Where It All Goes Down
We hate to sound like a broken record, but in case you didn't catch this already: the poem takes place in a kitchenette building. A kitchenette building is sort of like an apartment building. It's a bunch of one-room apartments where several families share kitchens and bathrooms. It's a crowded, stinky, and rundown place. (Check out this actual bulletin to the Chicago Housing Authority—feel free to zoom in on the text. And here's more information and photos of the "Black Belt" in Chicago.)
The kitchenettes began to pop up in Chicago in the 1920s and 30s with discriminatory housing practices by predatory landlords aimed at African-Americans. Rents were high and the conditions of the buildings were poor.
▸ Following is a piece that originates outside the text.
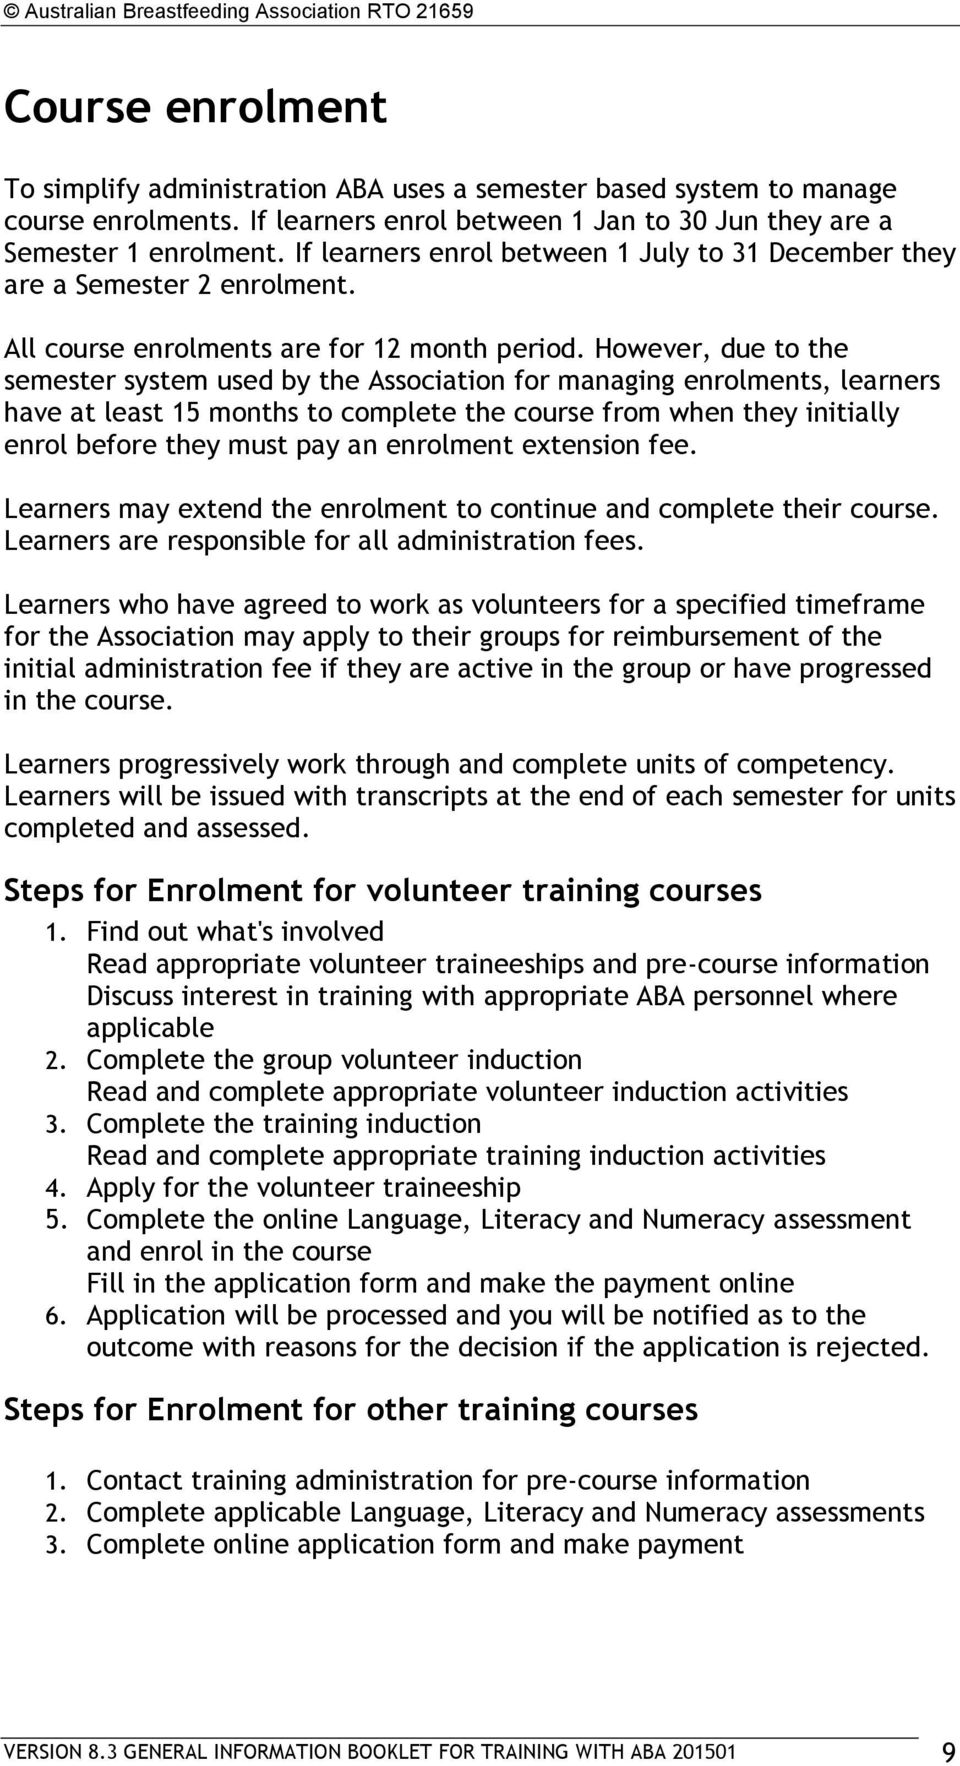 However, due to the semester system used by the Association for managing enrolments, learners have at least 15 months to complete the course from when they initially enrol before they must pay an
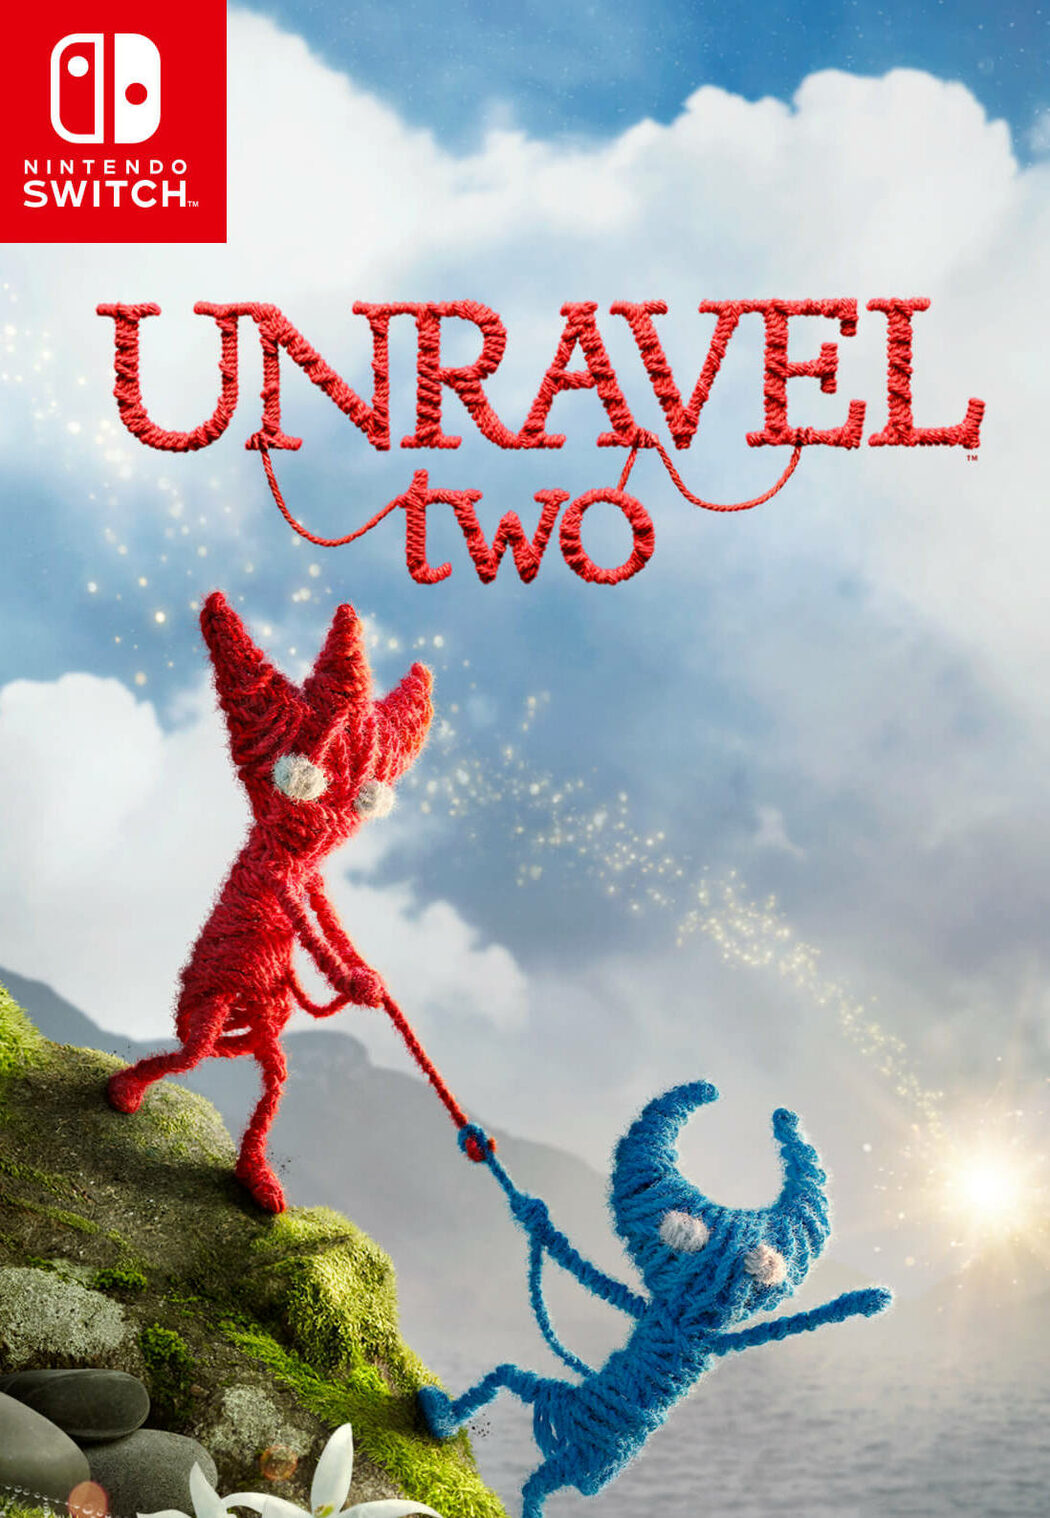 Buy Unravel Best Two Key | Switch Nintendo ENEBA the Price! at for

You didn't live in a kitchenette because you wanted to; you lived there because you were black and poor, and you had no other choice.
As the setting is laid out in the title of this poem, then, a lot is already accomplished before we even read the first word (check out "What's Up with the Title?" for more on that). Brooks uses the setting to assert a whole slew of challenges that can stop the average person from dreaming. When the entirety of your day is spent trying to make the most out of your run-down surroundings, who's got the time or the energy to dream bigger? The setting is the speaker's enemy here, the big dream-killer. And that, folks, is pretty sad.